> Exercise goal
Reproduce the records below exactly; the images should not appear.

====================

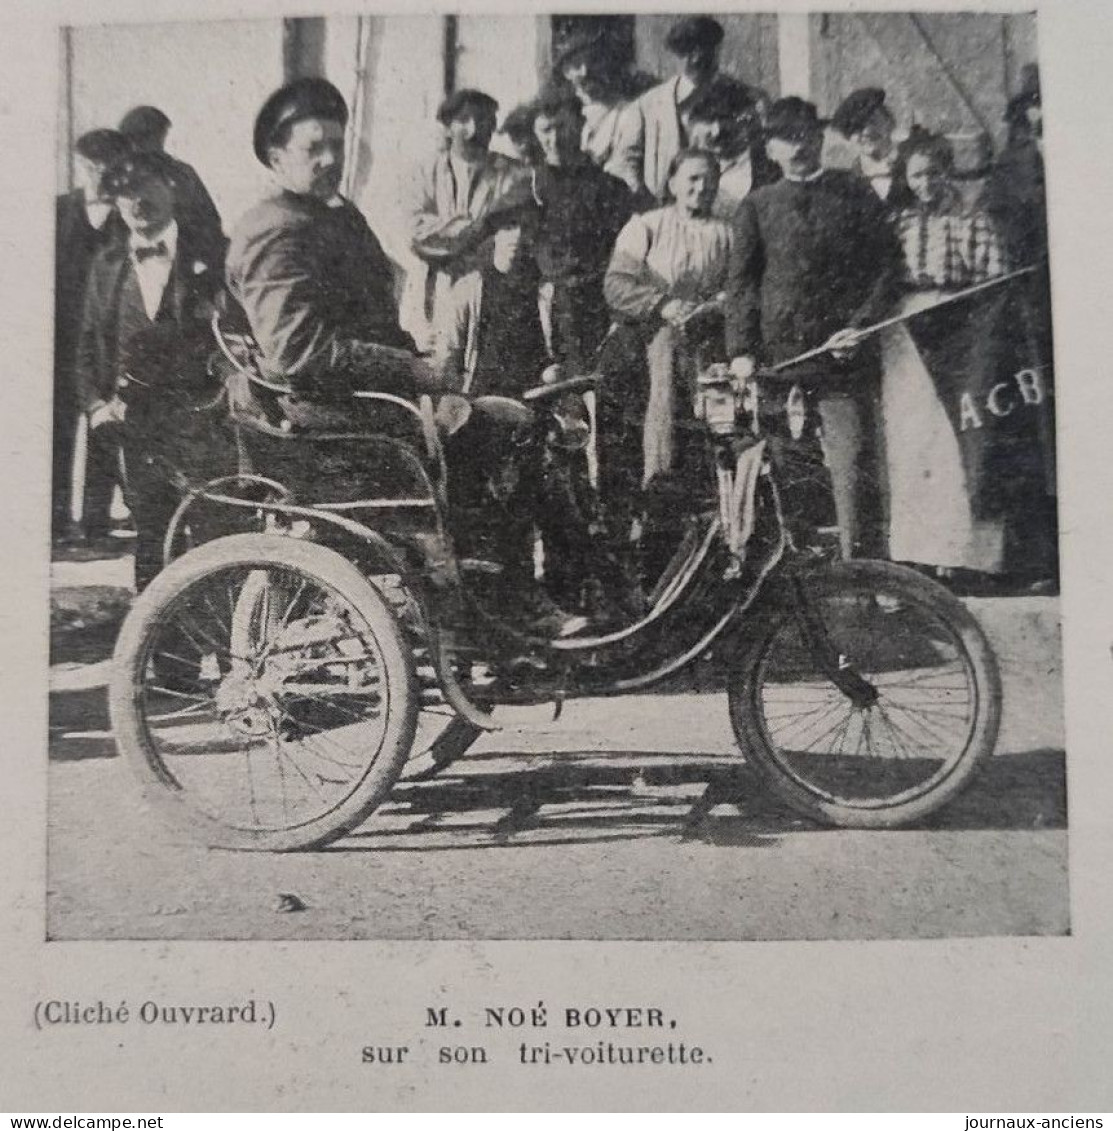 1899 COURSE AUTOMOBILES - PAU = BAYONNE = PAU - AUTOMOBILE CLUB BÉARNAIS - LA VIE AU GRAND AIR - Magazines - Before 1900
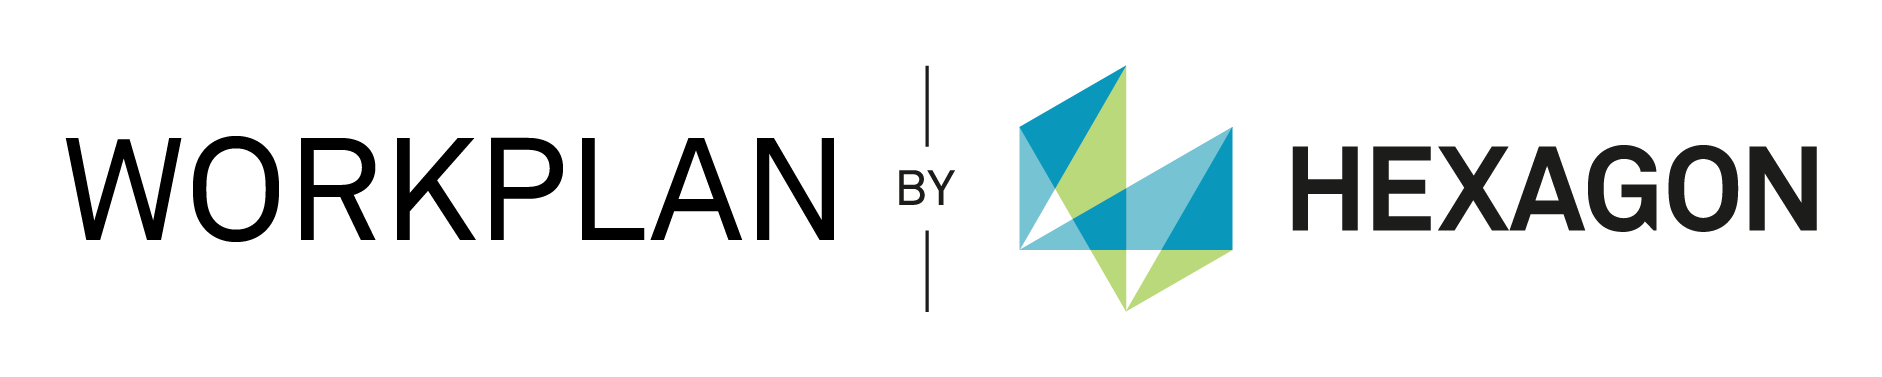 Hexagon WORKPLAN logo
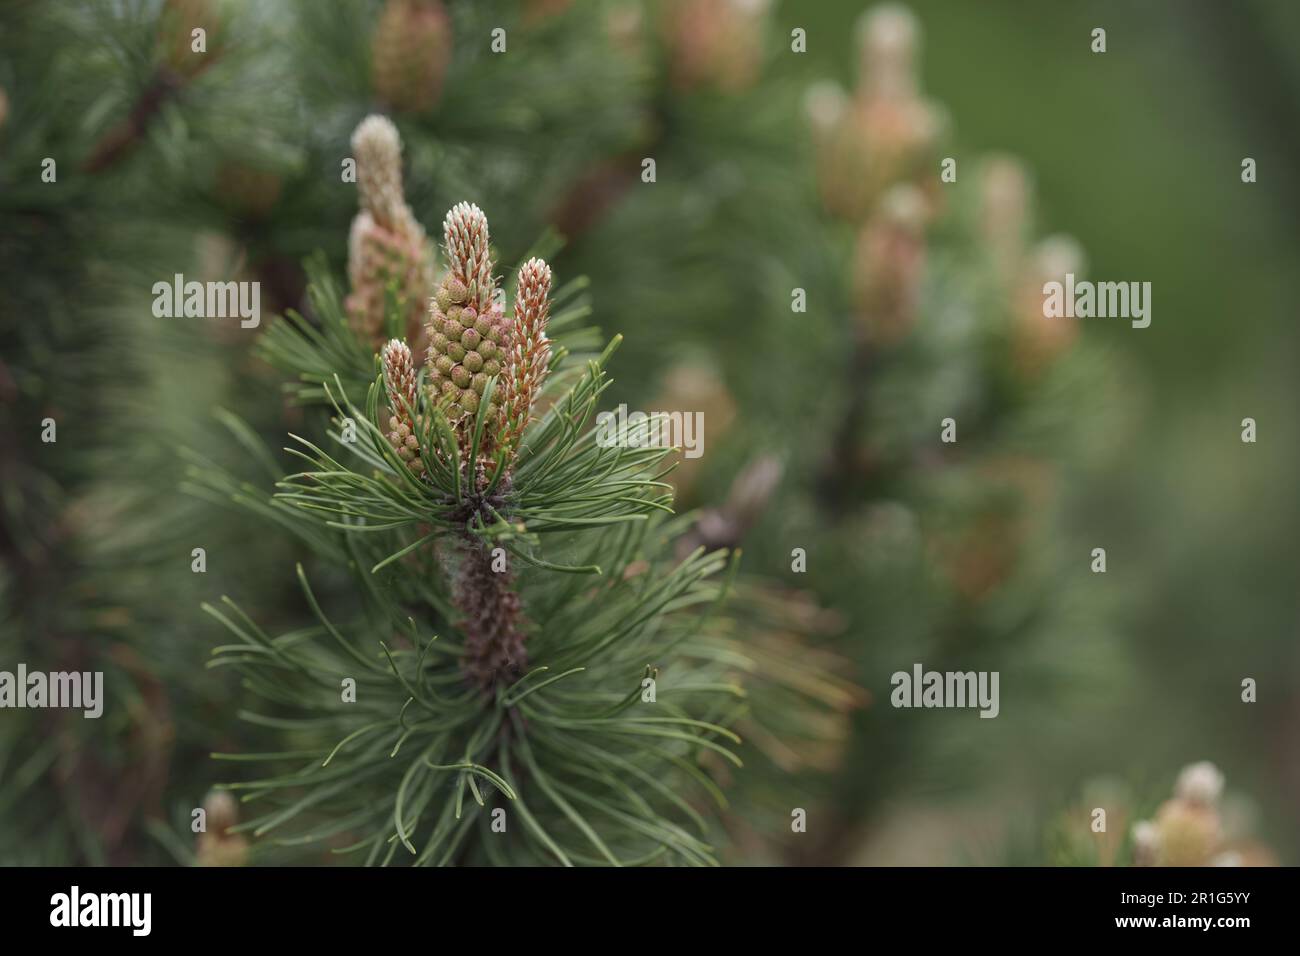 Blossomin pine tree closeup photo, shallow focus Stock Photo
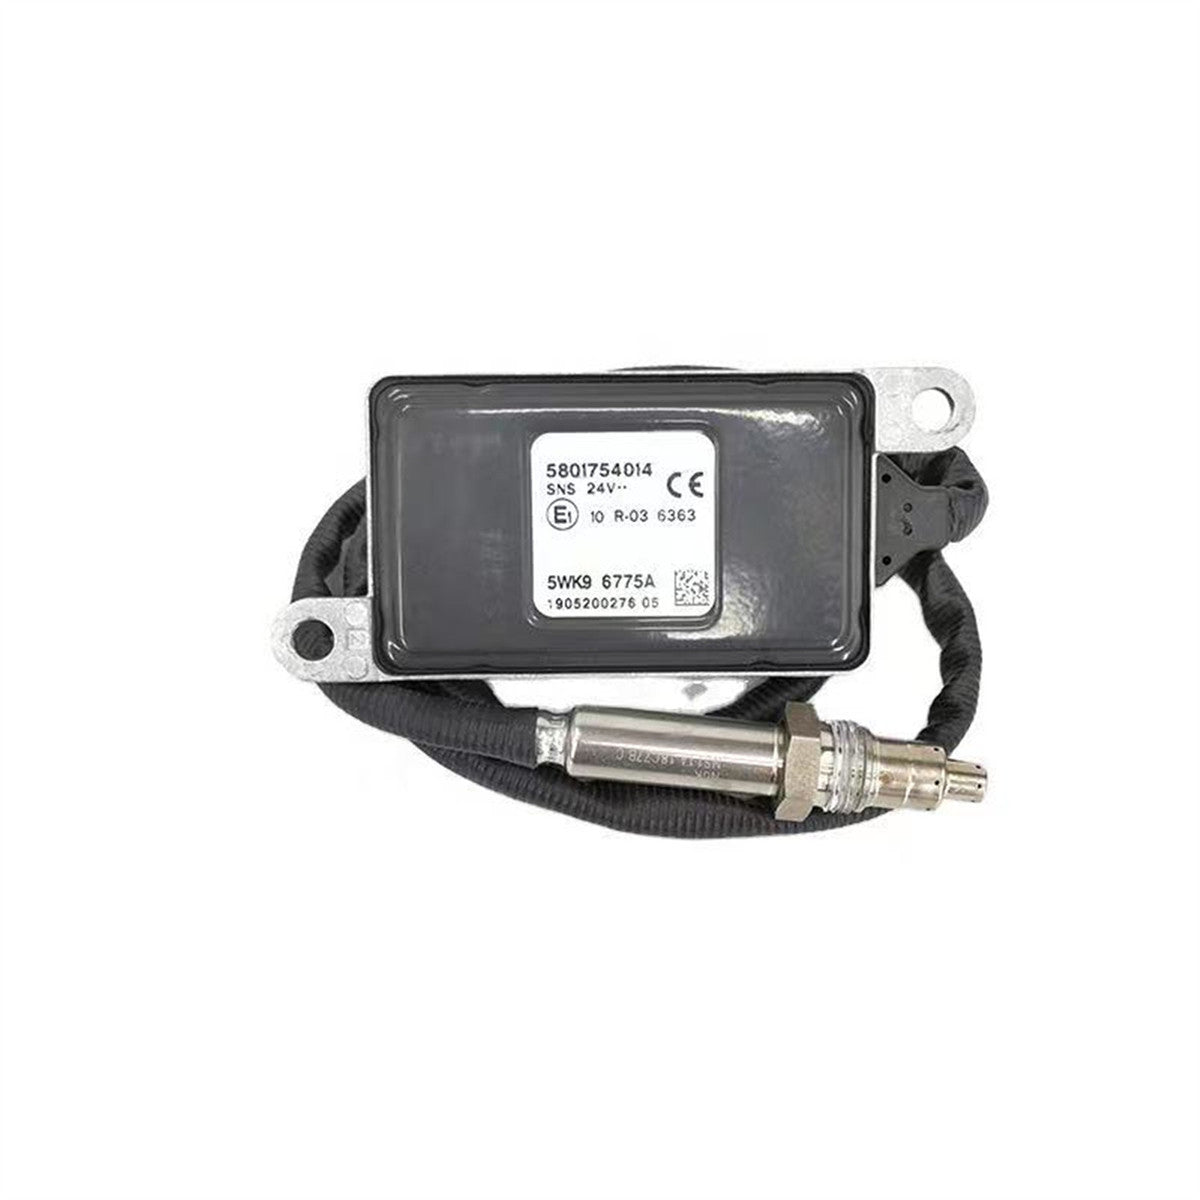 Nox Sensor 5WK96775A 5801754014 Nitrogen Oxygen Sensor For Iveco Euro CARGO STRALIS - Sinocmp
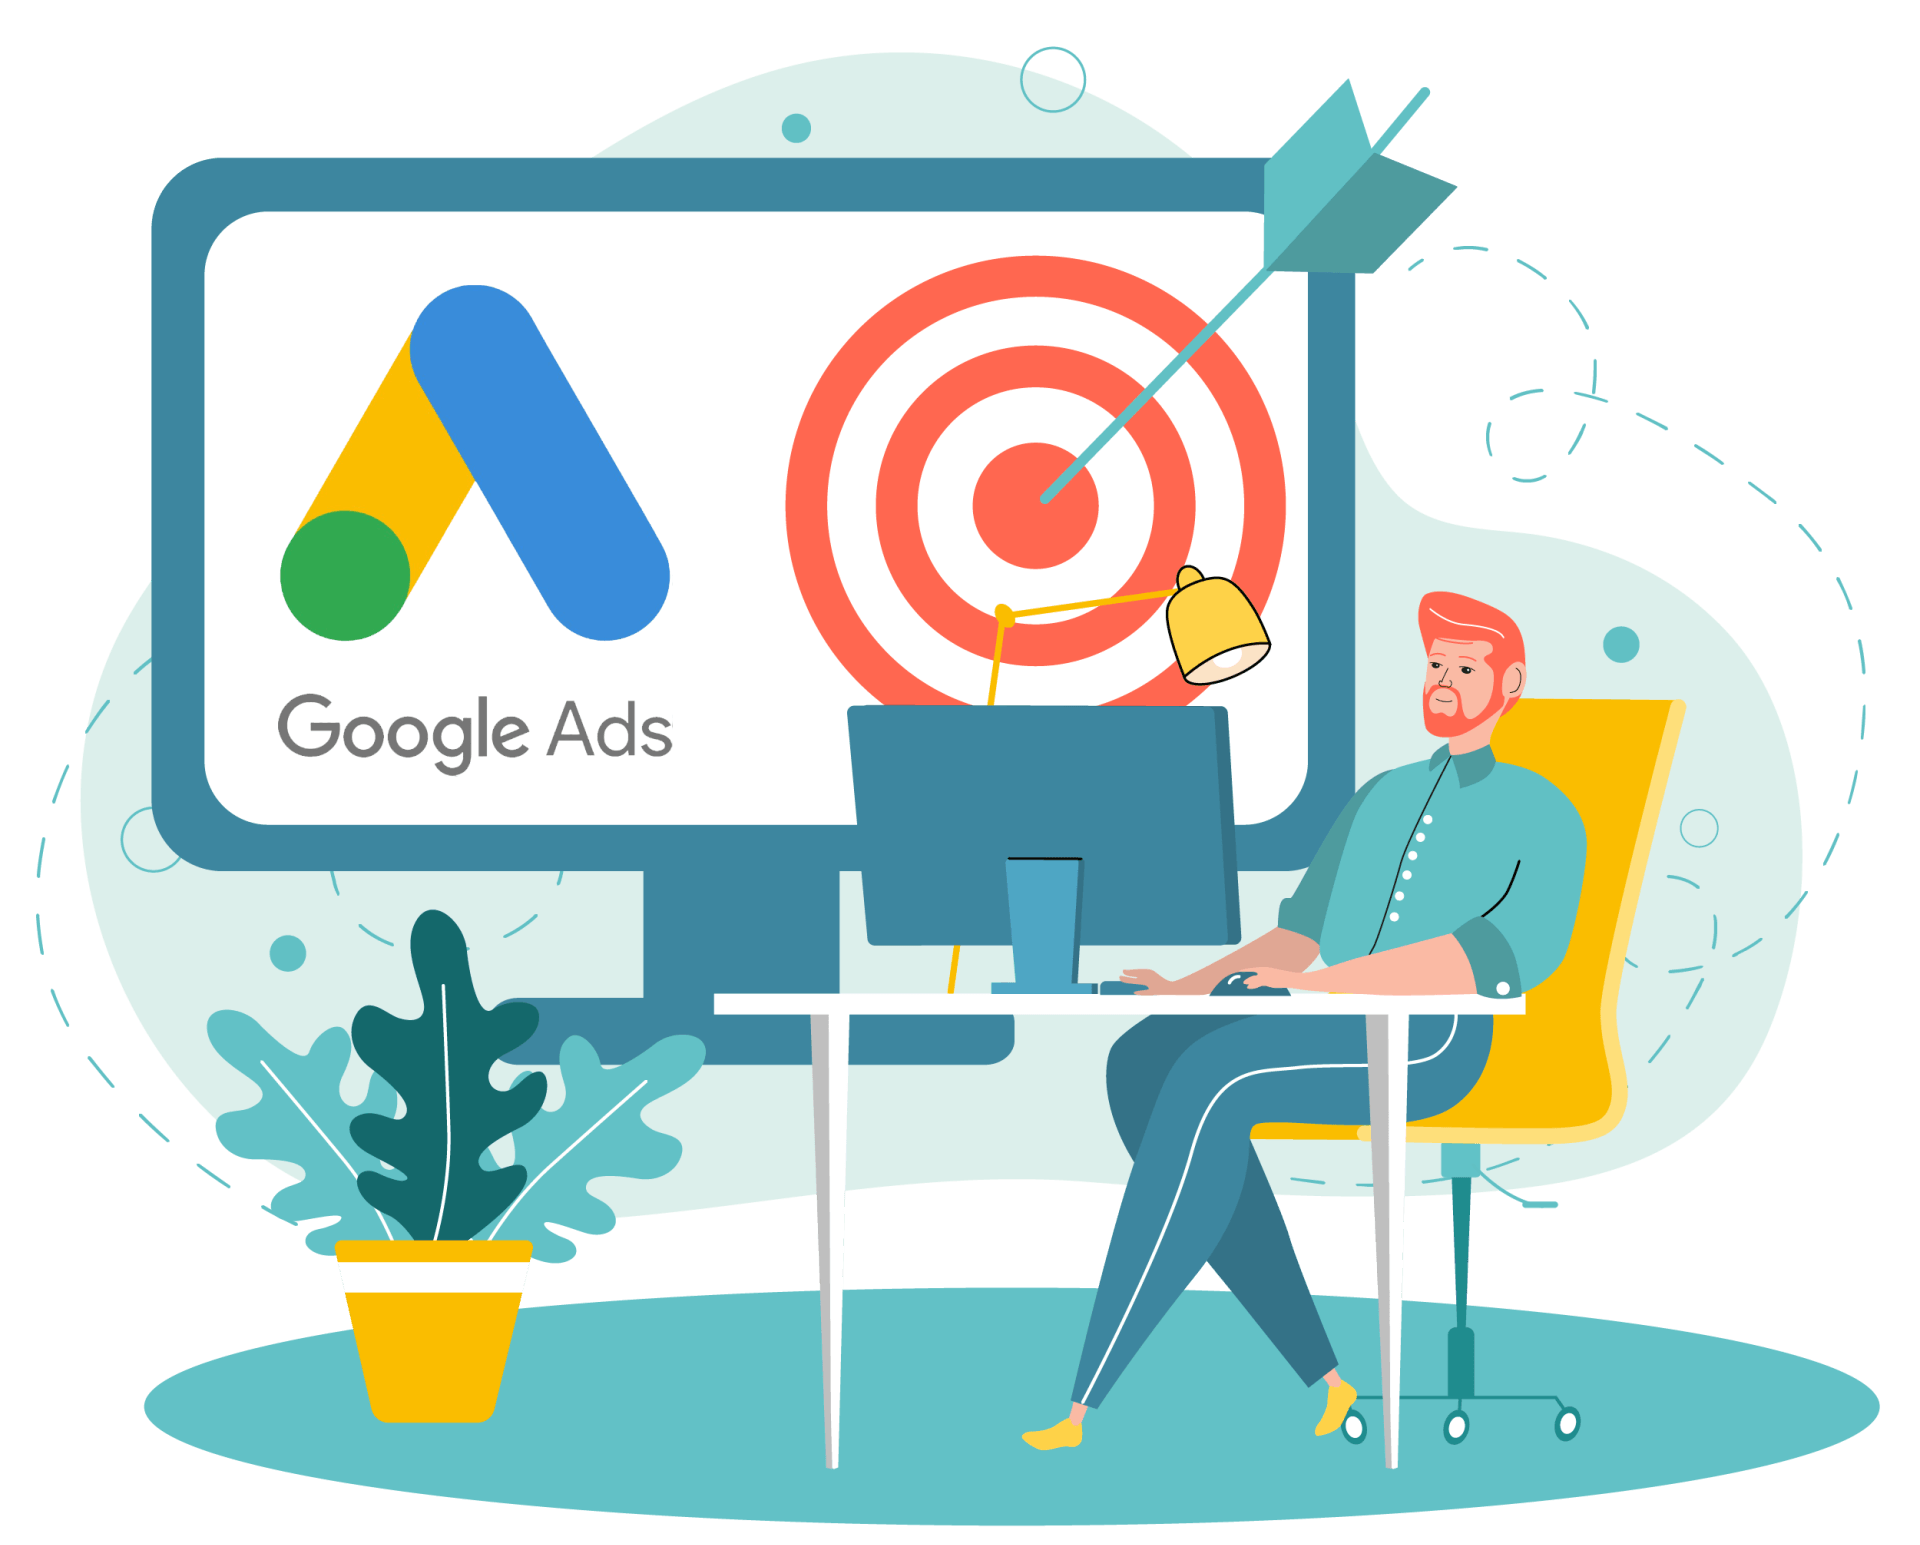 Google Ads Agency

====================

> Exercise result
 1899 COURSE AUTOMOBILES - PAU = BAYONNE = PAU - AUTOMOBILE CLUB BÉARNAIS - LA VIE AU GRAND AIR - Magazines - Before 1900
 Hexagon WORKPLAN logo
 Blossomin pine tree closeup photo, shallow focus Stock Photo
 Nox Sensor 5WK96775A 5801754014 Nitrogen Oxygen Sensor For Iveco Euro CARGO STRALIS - Sinocmp
 Google Ads Agency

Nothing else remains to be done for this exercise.